What to work on:
The expected answer is the set of lines in the data below between the line holding "Những khu đất" and the line holding "Peinture à l'huile", inclusive, written out exactly.

Extracted material:

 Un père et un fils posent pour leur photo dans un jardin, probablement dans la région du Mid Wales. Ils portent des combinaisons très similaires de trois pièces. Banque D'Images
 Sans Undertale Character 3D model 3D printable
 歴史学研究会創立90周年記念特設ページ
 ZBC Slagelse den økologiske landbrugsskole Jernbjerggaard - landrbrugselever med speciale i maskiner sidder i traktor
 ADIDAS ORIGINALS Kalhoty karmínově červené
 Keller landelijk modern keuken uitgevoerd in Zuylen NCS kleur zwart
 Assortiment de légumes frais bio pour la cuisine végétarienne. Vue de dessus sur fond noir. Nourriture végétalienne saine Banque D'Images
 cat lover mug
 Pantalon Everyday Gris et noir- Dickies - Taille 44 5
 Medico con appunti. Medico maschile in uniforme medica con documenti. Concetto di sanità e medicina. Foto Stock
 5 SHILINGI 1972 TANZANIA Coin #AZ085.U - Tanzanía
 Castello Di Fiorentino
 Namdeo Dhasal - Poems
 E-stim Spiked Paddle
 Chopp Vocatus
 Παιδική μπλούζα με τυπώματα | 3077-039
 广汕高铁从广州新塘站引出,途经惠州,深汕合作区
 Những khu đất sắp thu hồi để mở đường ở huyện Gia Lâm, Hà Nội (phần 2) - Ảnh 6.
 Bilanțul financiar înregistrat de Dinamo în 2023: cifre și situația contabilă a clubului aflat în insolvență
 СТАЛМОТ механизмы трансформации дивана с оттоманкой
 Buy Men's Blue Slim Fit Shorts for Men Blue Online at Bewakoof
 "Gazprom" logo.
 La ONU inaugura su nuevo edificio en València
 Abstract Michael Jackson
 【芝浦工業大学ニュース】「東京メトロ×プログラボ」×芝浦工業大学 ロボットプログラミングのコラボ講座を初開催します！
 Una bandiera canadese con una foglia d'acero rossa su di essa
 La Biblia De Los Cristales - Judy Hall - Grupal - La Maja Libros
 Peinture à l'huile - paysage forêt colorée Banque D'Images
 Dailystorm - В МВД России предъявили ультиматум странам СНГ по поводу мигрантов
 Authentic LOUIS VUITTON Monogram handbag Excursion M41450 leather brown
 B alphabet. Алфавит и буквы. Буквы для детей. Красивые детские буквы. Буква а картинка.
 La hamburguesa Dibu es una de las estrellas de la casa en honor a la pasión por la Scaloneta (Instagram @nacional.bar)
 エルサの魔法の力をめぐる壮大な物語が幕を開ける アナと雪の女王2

Result of this exercise:
 Những khu đất sắp thu hồi để mở đường ở huyện Gia Lâm, Hà Nội (phần 2) - Ảnh 6.
 Bilanțul financiar înregistrat de Dinamo în 2023: cifre și situația contabilă a clubului aflat în insolvență
 СТАЛМОТ механизмы трансформации дивана с оттоманкой
 Buy Men's Blue Slim Fit Shorts for Men Blue Online at Bewakoof
 "Gazprom" logo.
 La ONU inaugura su nuevo edificio en València
 Abstract Michael Jackson
 【芝浦工業大学ニュース】「東京メトロ×プログラボ」×芝浦工業大学 ロボットプログラミングのコラボ講座を初開催します！
 Una bandiera canadese con una foglia d'acero rossa su di essa
 La Biblia De Los Cristales - Judy Hall - Grupal - La Maja Libros
 Peinture à l'huile - paysage forêt colorée Banque D'Images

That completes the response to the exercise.